**WHAT IS NEEDED:**
Produce an exact transcription of the listing below, omitting the pictures.

:: DATA

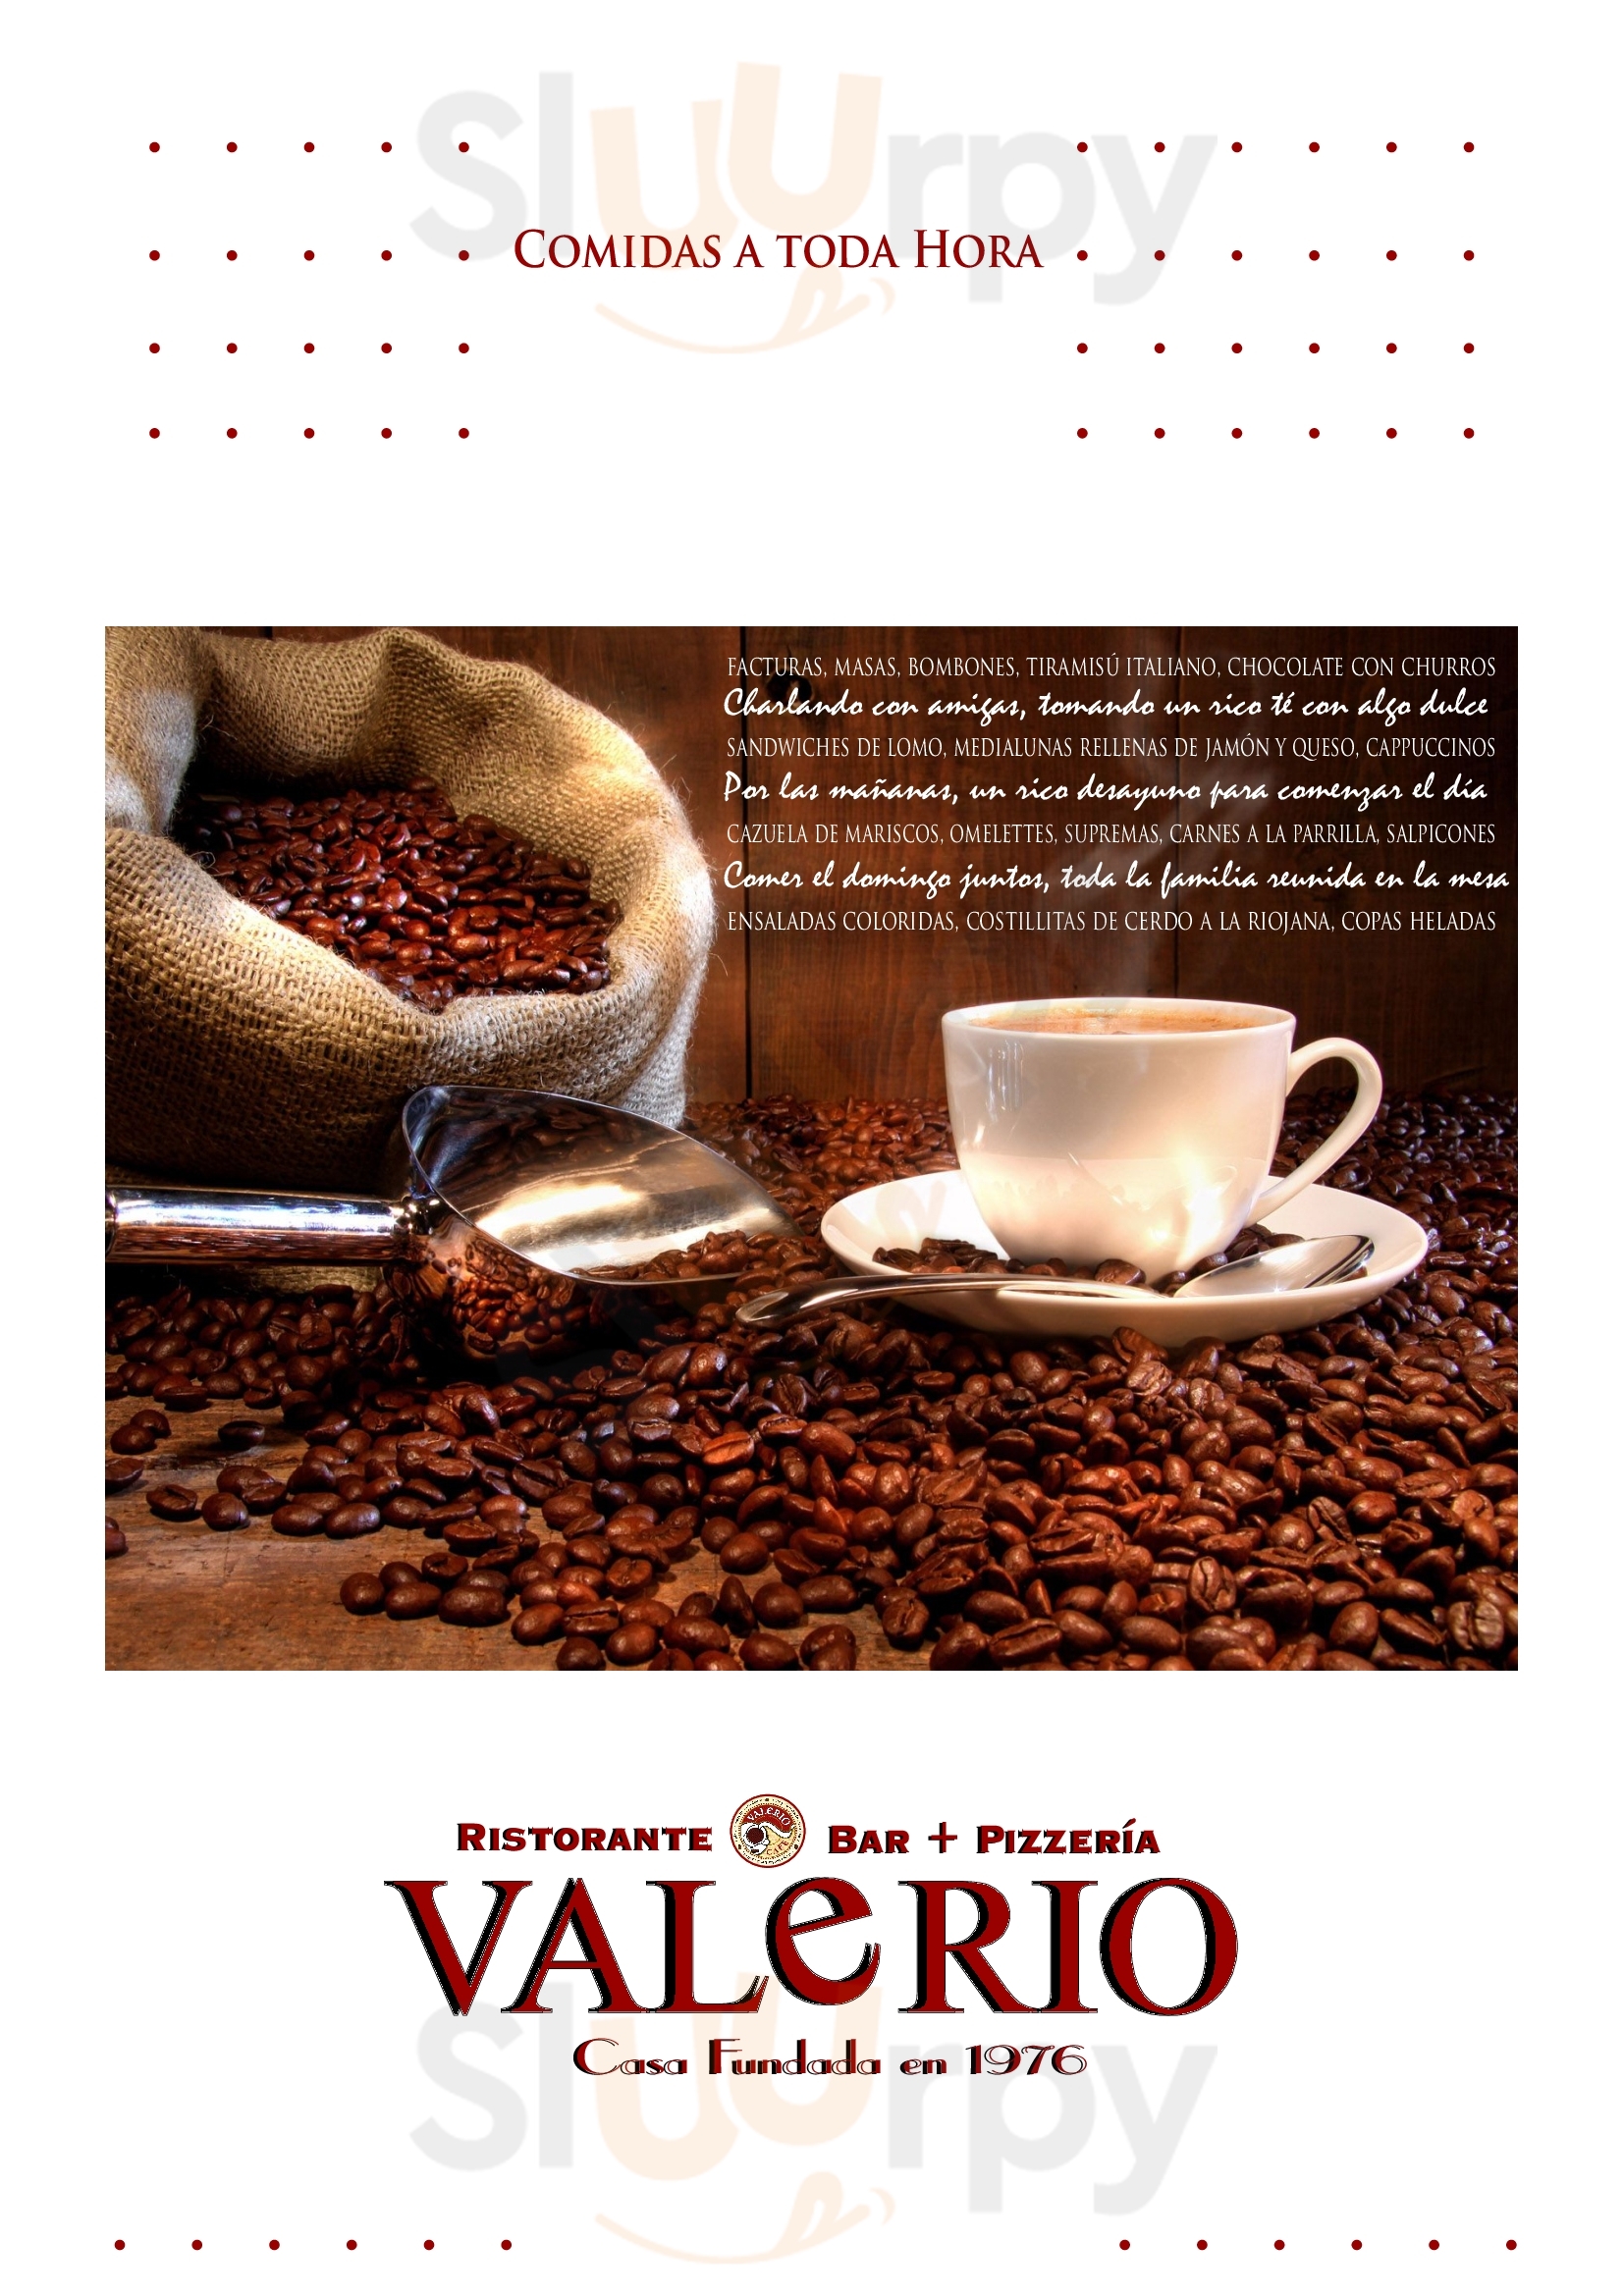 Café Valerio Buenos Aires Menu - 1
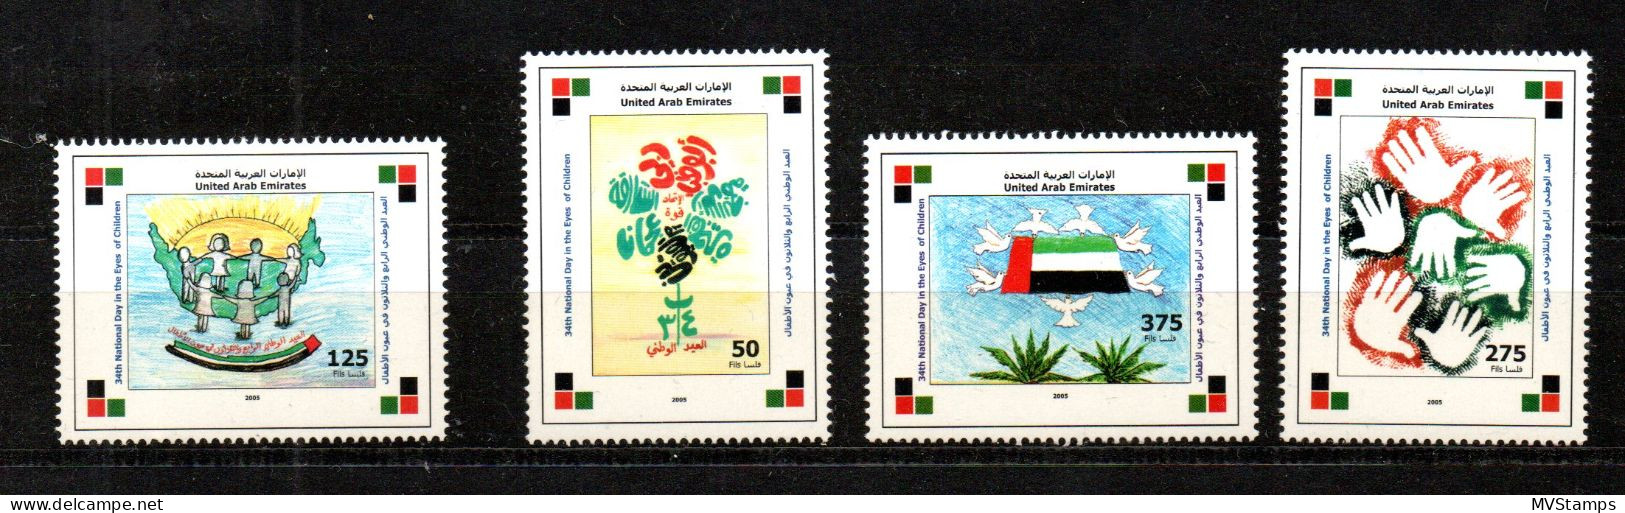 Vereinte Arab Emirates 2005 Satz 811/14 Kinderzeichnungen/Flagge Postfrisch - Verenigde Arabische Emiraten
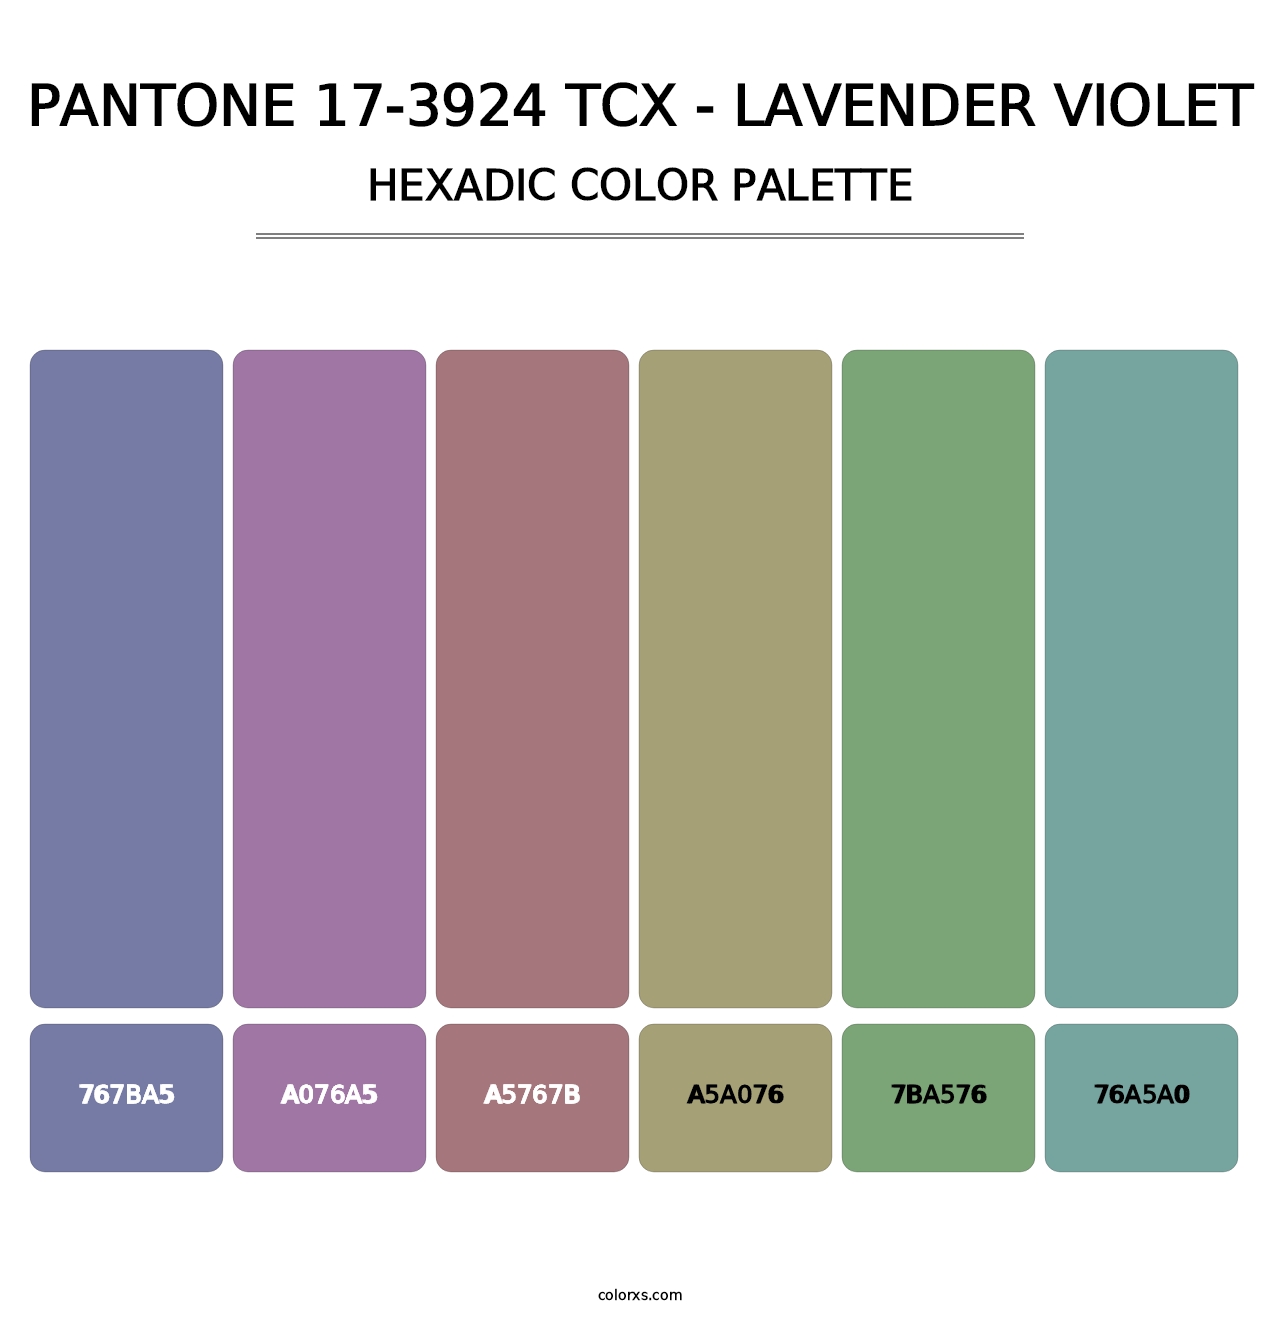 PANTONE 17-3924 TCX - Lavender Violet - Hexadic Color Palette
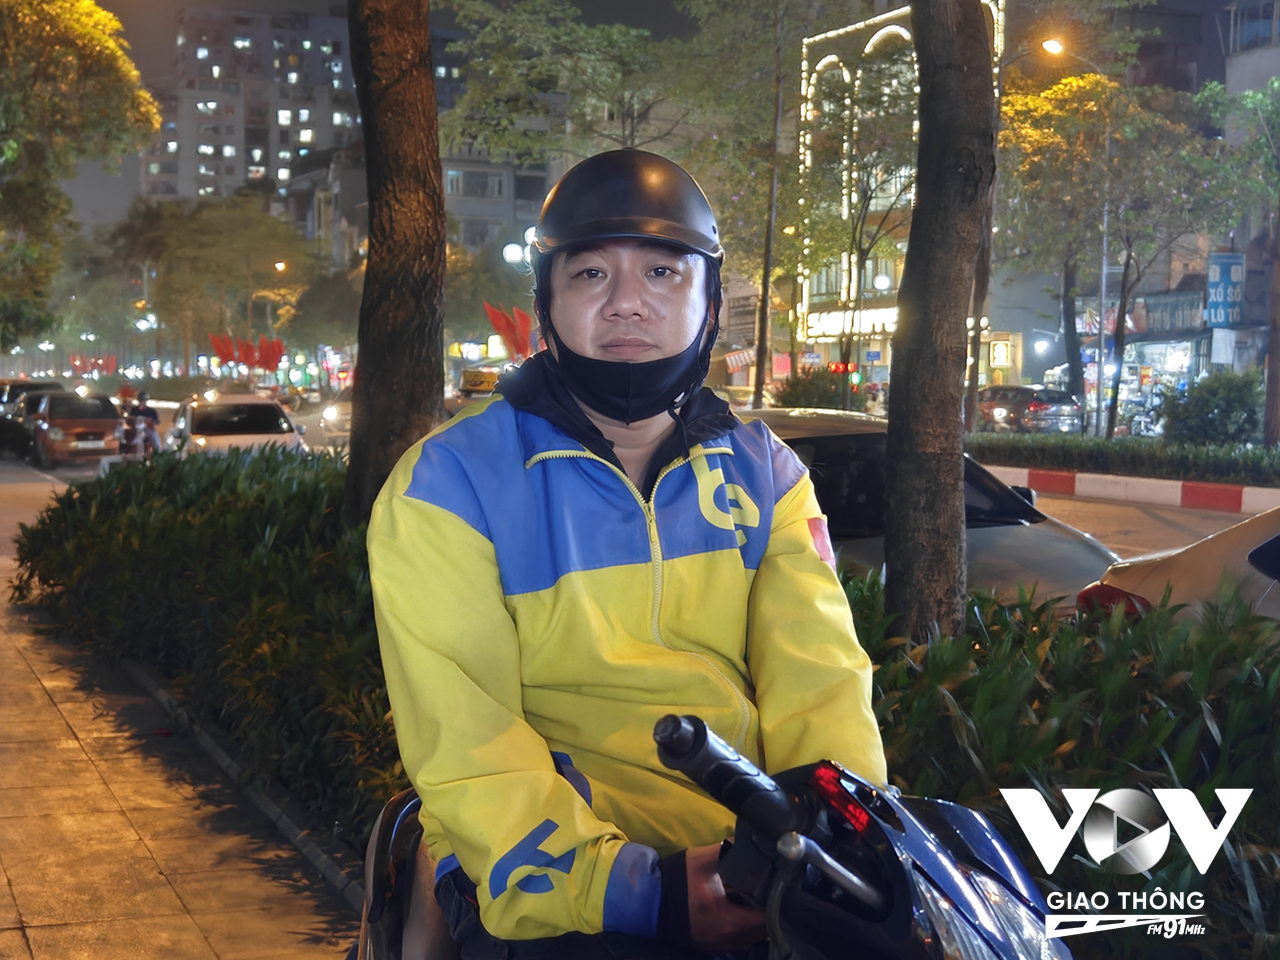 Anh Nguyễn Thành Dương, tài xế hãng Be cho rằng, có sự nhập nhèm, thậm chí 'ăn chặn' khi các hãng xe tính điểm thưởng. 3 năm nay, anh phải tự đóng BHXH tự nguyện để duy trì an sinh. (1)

::::

**PROBLEM SOLUTION:**
 Café Valerio Buenos Aires Menu - 1
 Vereinte Arab Emirates 2005 Satz 811/14 Kinderzeichnungen/Flagge Postfrisch - Verenigde Arabische Emiraten
 PANTONE 17-3924 TCX - Lavender Violet - Hexadic Color Palette
 Anh Nguyễn Thành Dương, tài xế hãng Be cho rằng, có sự nhập nhèm, thậm chí 'ăn chặn' khi các hãng xe tính điểm thưởng. 3 năm nay, anh phải tự đóng BHXH tự nguyện để duy trì an sinh. (1)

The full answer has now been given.